Multi-View Large Reconstruction Model via Geometry-Aware Positional Encoding and Attention
Mengfei Li, Xiaoxiao Long, Yixun Liang, Weiyu Li, Yuan Liu, Peng Li,, Wenhan Luo, Wenping Wang, Yike Guo

TL;DR
This paper introduces M-LRM, a multi-view 3D reconstruction model that leverages geometry-aware encoding and attention mechanisms to produce high-fidelity 3D shapes more efficiently than previous methods.
Contribution
The paper proposes a novel multi-view consistent cross-attention scheme and uses 3D priors for initialization, improving reconstruction quality and training speed.
Findings
Achieves higher fidelity 3D reconstructions.
Demonstrates faster convergence in training.
Outperforms previous multi-view reconstruction methods.
Abstract
Despite recent advancements in the Large Reconstruction Model (LRM) demonstrating impressive results, when extending its input from single image to multiple images, it exhibits inefficiencies, subpar geometric and texture quality, as well as slower convergence speed than expected.
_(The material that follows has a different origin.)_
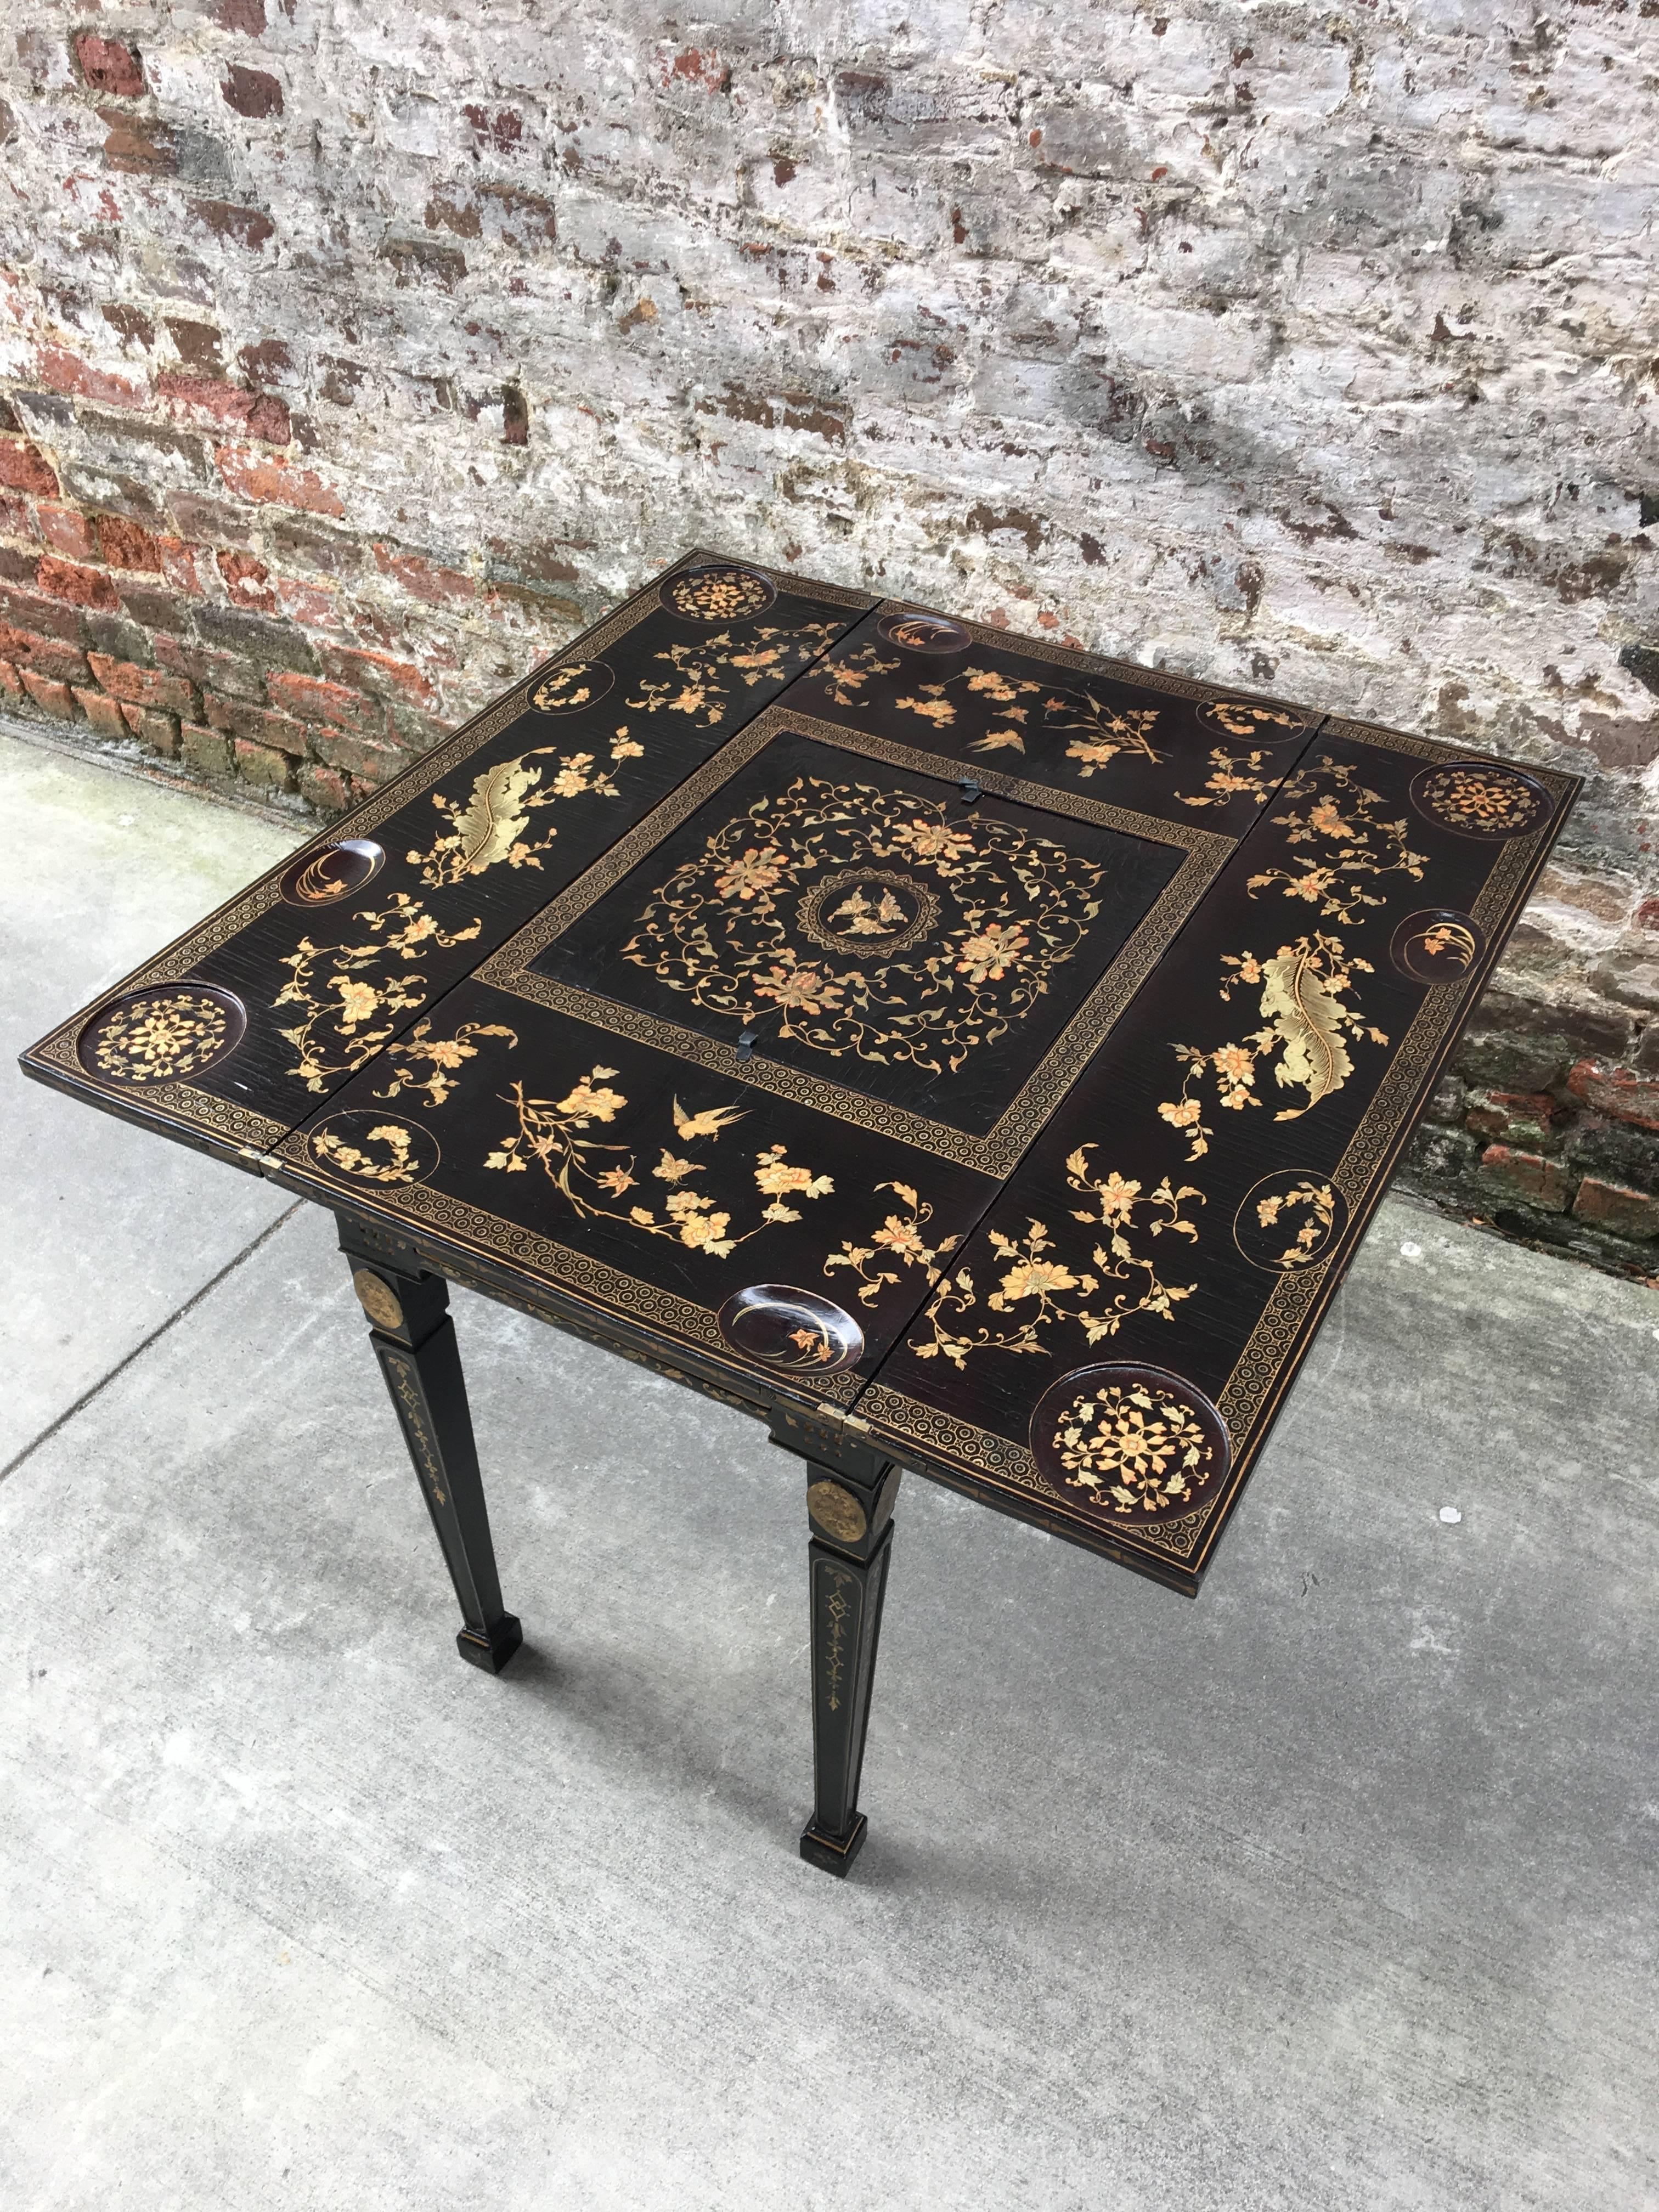 English Chinese Export Chinoiserie Games Table early 19th century

It is attributed to that, LRM formulates 3D reconstruction as a naive images-to-3D translation problem, ignoring the strong 3D coherence among the input images. In this paper, we propose a Multi-view Large Reconstruction Model (M-LRM) designed to reconstruct high-quality 3D shapes from multi-views in a 3D-aware manner. Specifically, we introduce a multi-view consistent cross-attention scheme to enable M-LRM to accurately query information from the input images. Moreover, we employ the 3D priors of the input multi-view images to initialize the triplane tokens. Compared to previous methods, the proposed M-LRM…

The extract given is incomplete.